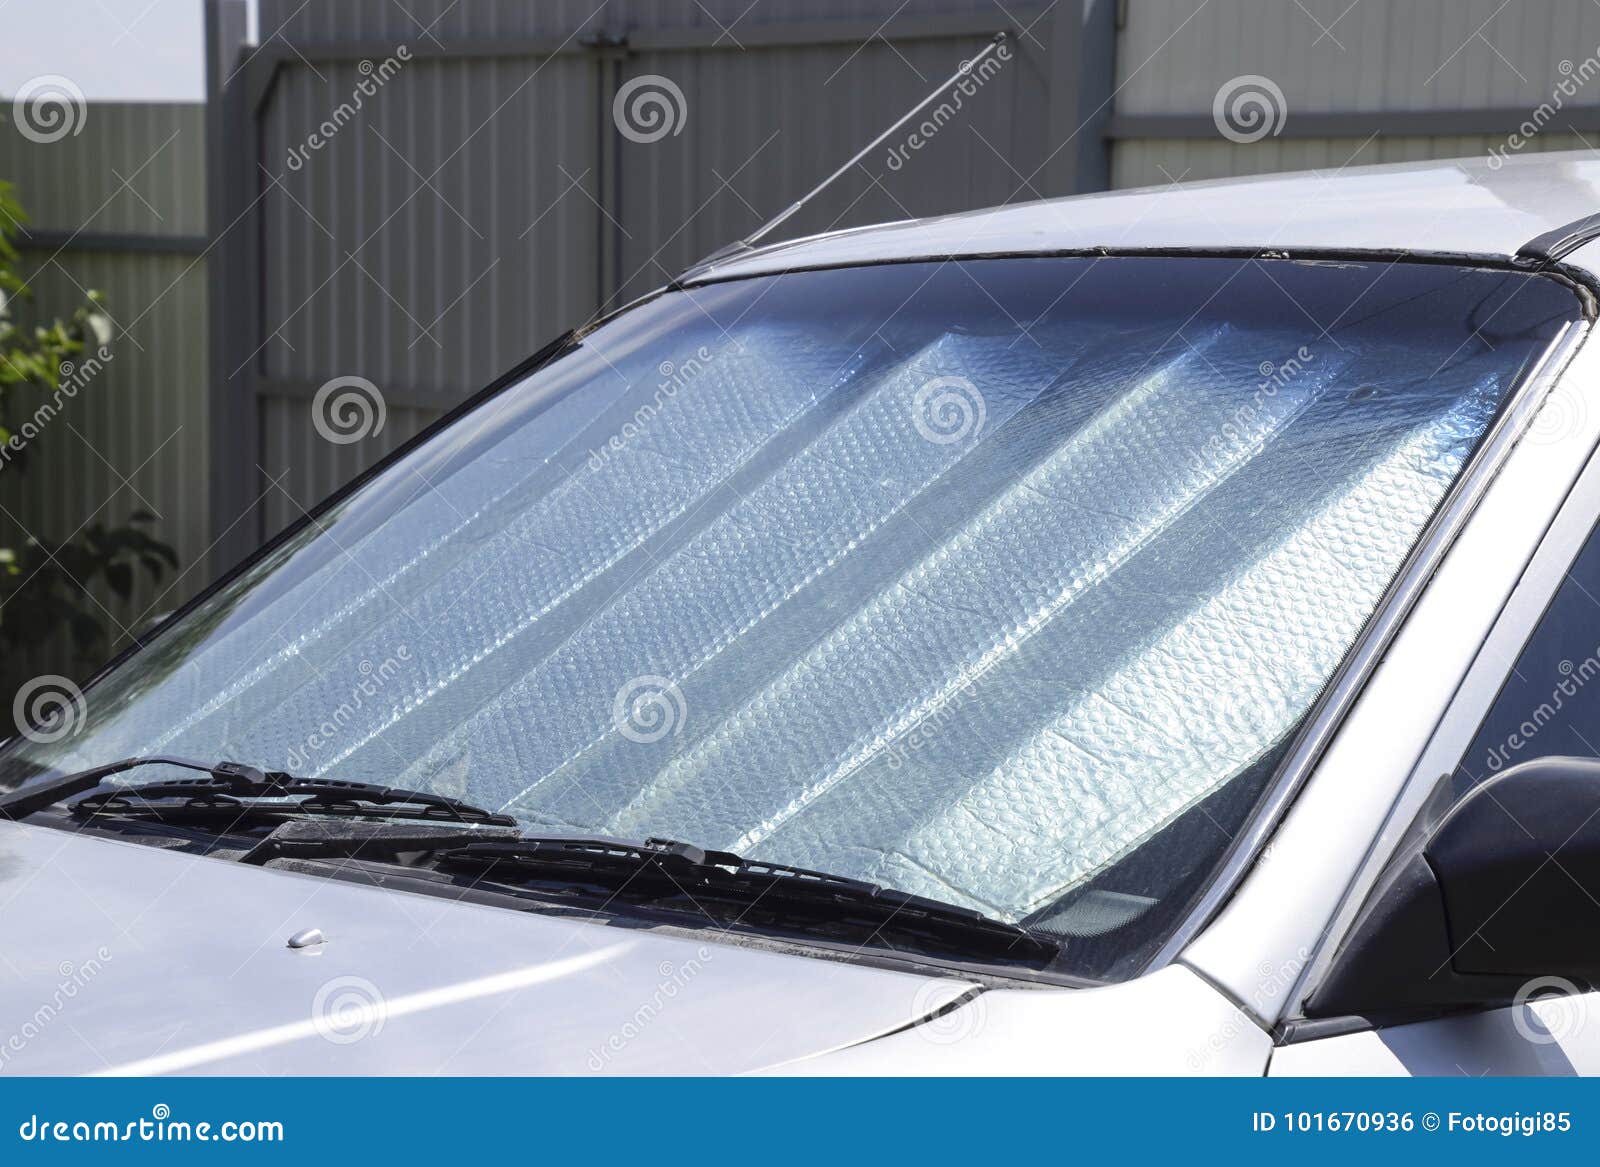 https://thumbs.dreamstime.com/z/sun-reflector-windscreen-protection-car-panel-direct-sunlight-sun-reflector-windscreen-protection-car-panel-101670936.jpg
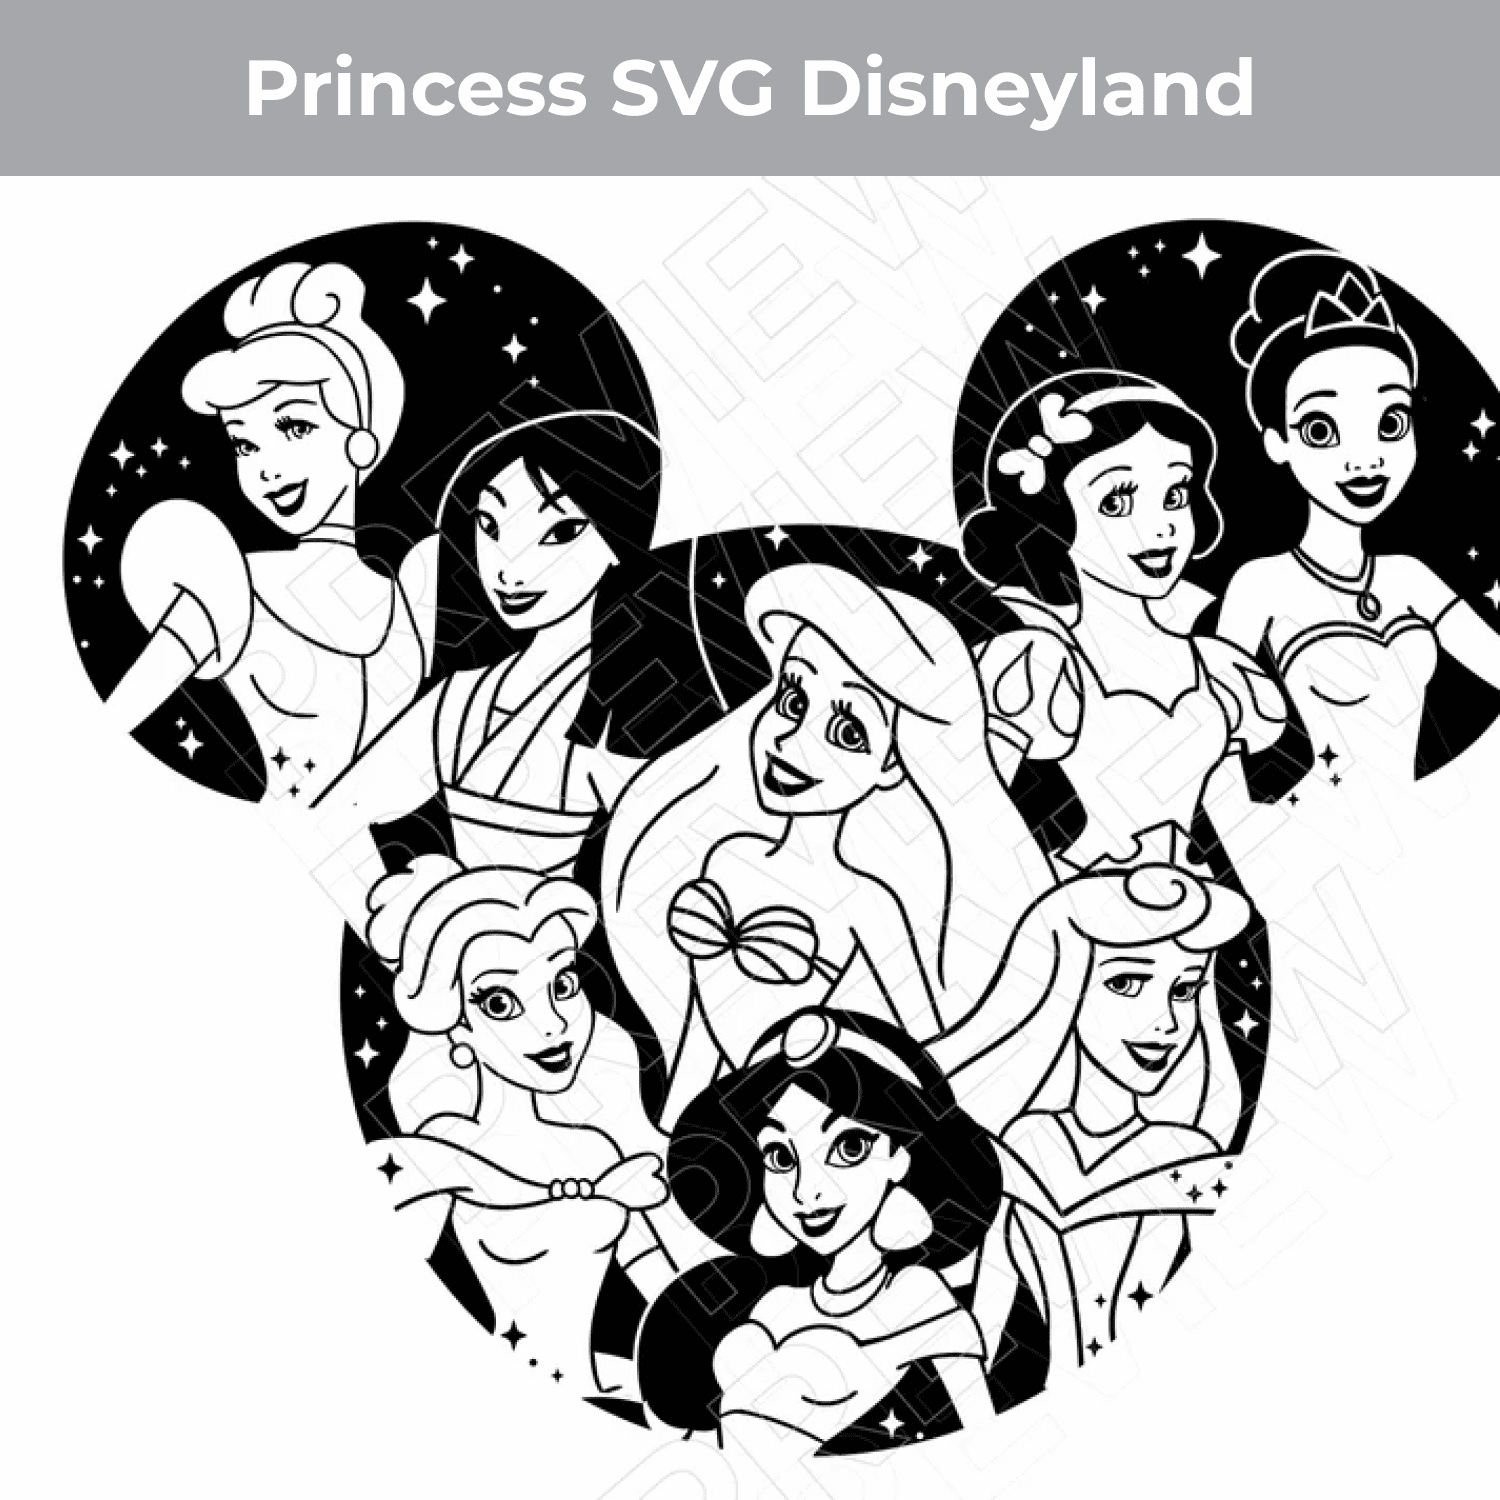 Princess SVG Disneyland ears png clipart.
-------
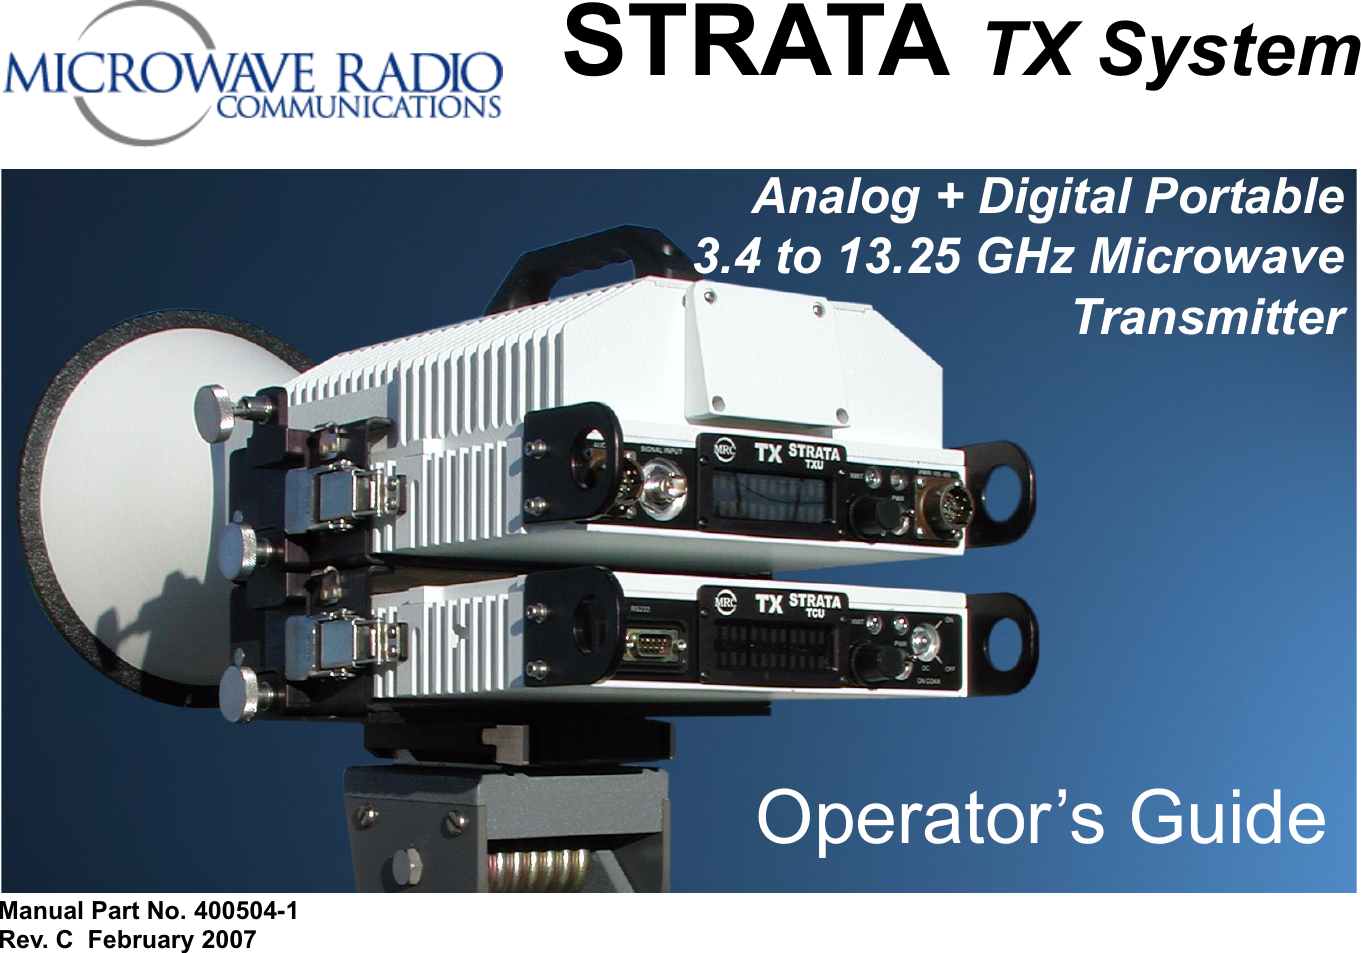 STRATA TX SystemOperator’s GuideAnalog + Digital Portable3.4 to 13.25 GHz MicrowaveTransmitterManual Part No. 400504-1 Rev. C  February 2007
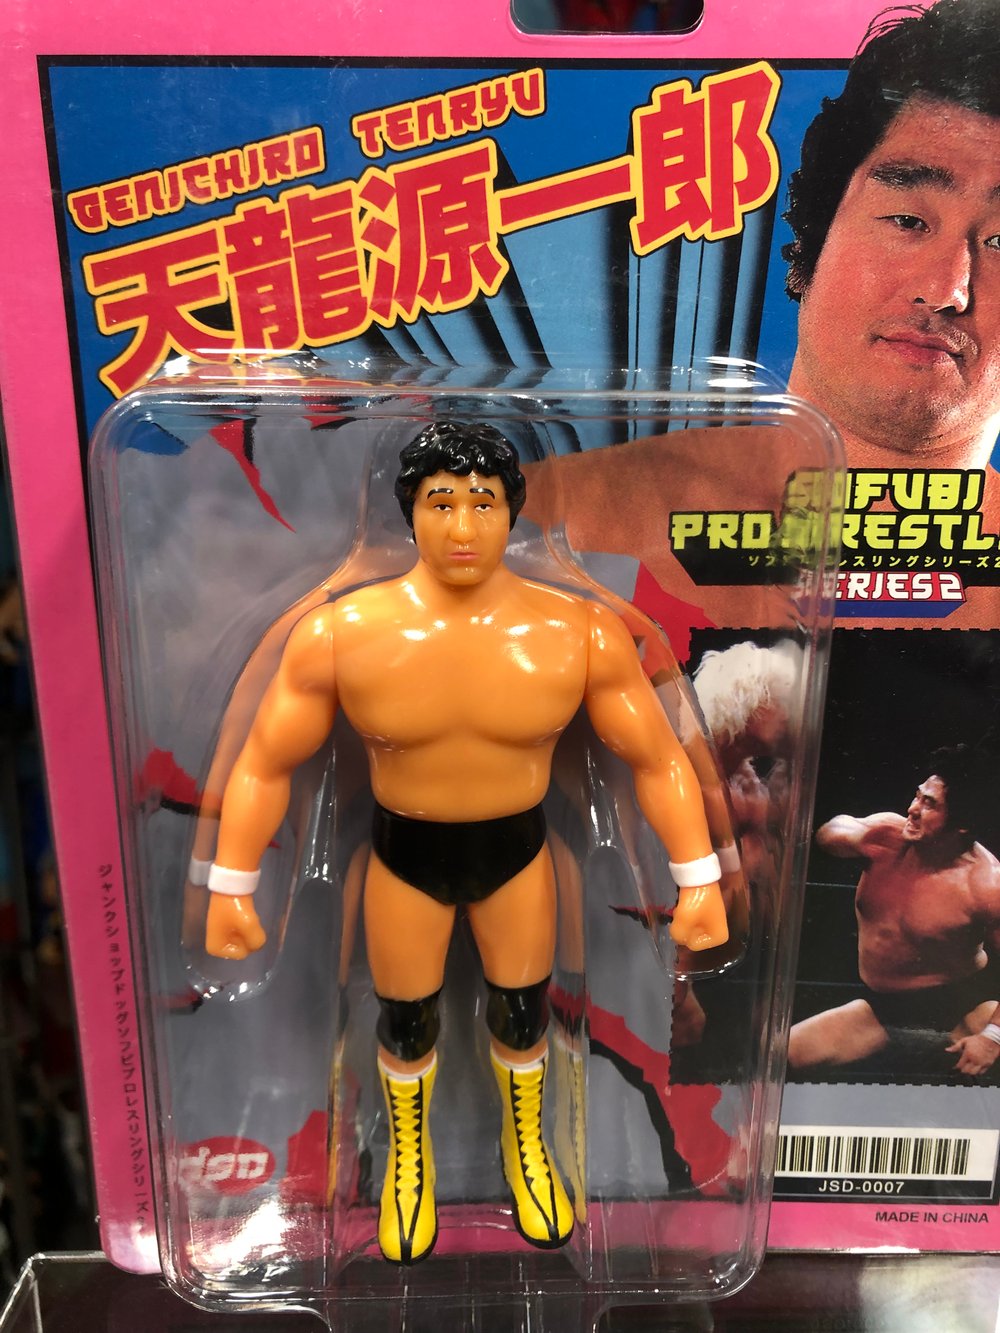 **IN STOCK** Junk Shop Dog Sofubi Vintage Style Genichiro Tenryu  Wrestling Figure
-------
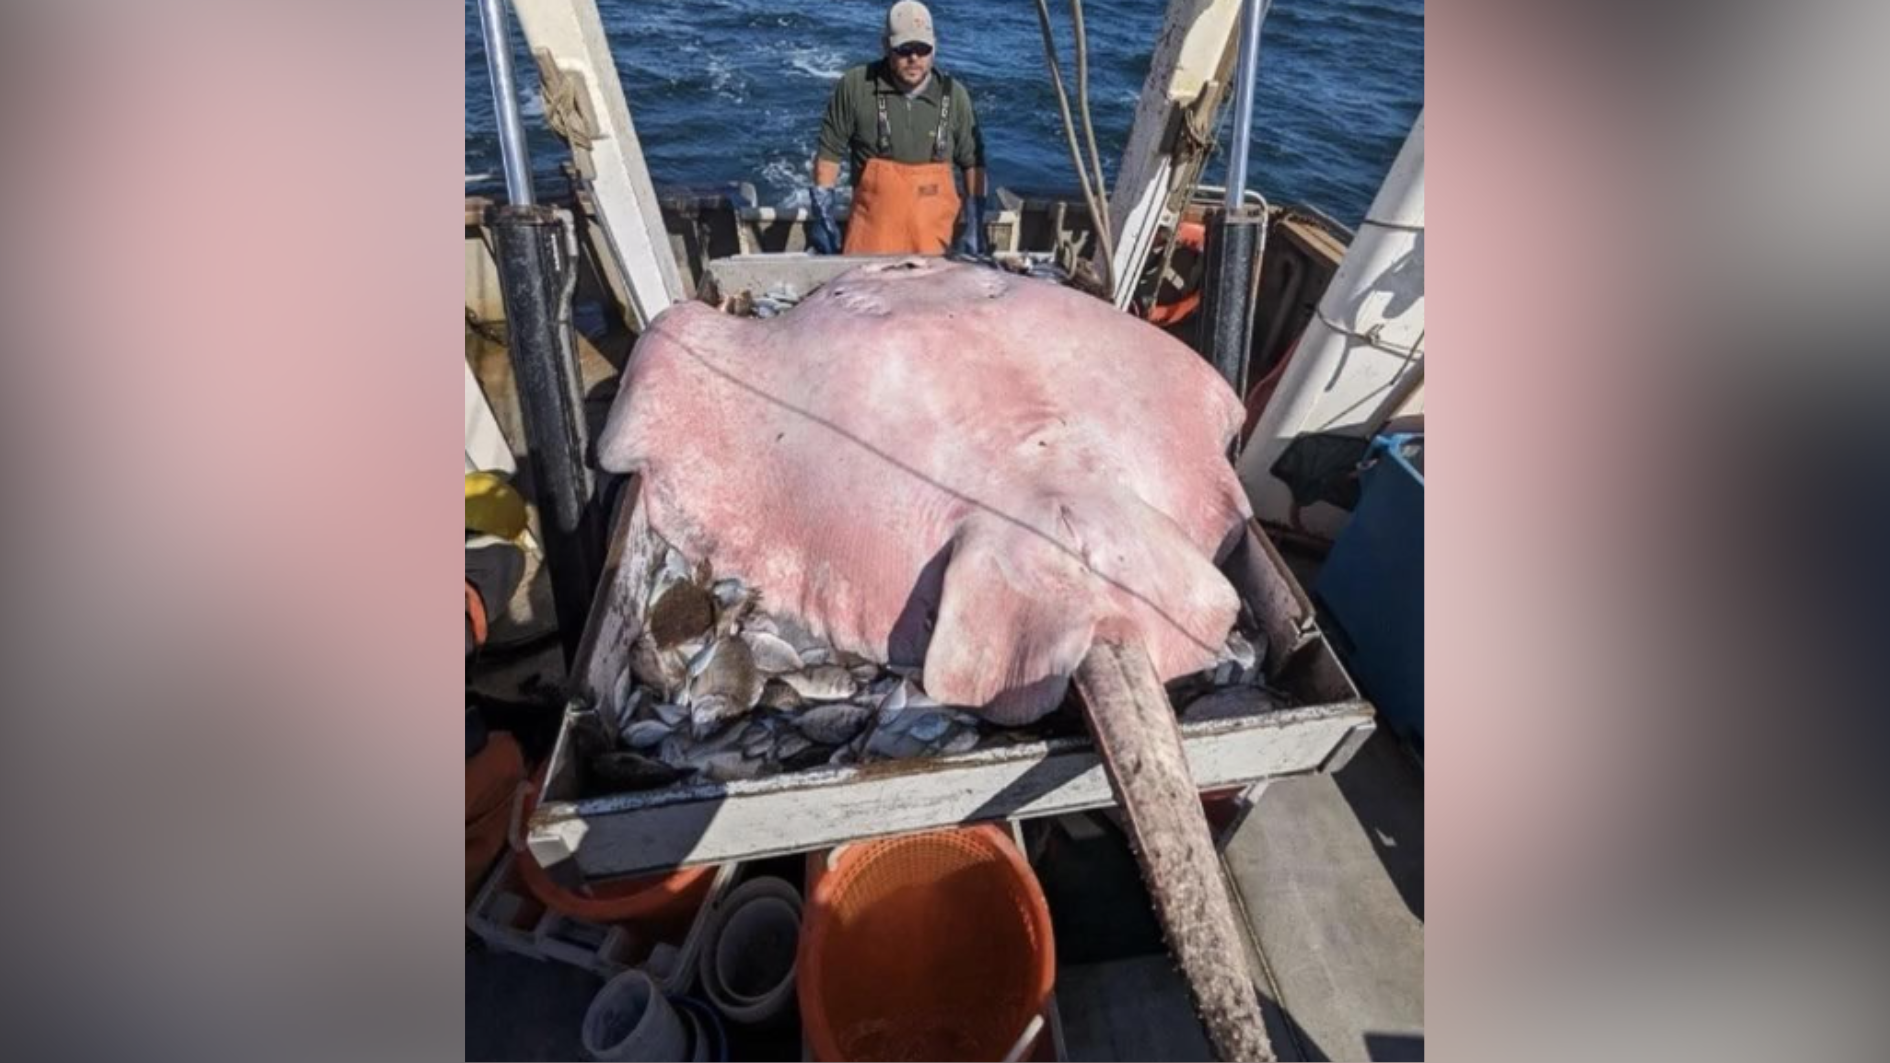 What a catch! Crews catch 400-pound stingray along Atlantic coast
-------
The problem> Retype only the lines above from the one with "STRATA TX SystemOperator’s" through the one with "STOCK** Junk Shop", exactly and with both ends. Images stay out.

Answer for the task>
 STRATA TX SystemOperator’s GuideAnalog + Digital Portable3.4 to 13.25 GHz MicrowaveTransmitterManual Part No. 400504-1 Rev. C  February 2007
 **IN STOCK** Junk Shop Dog Sofubi Vintage Style Genichiro Tenryu  Wrestling Figure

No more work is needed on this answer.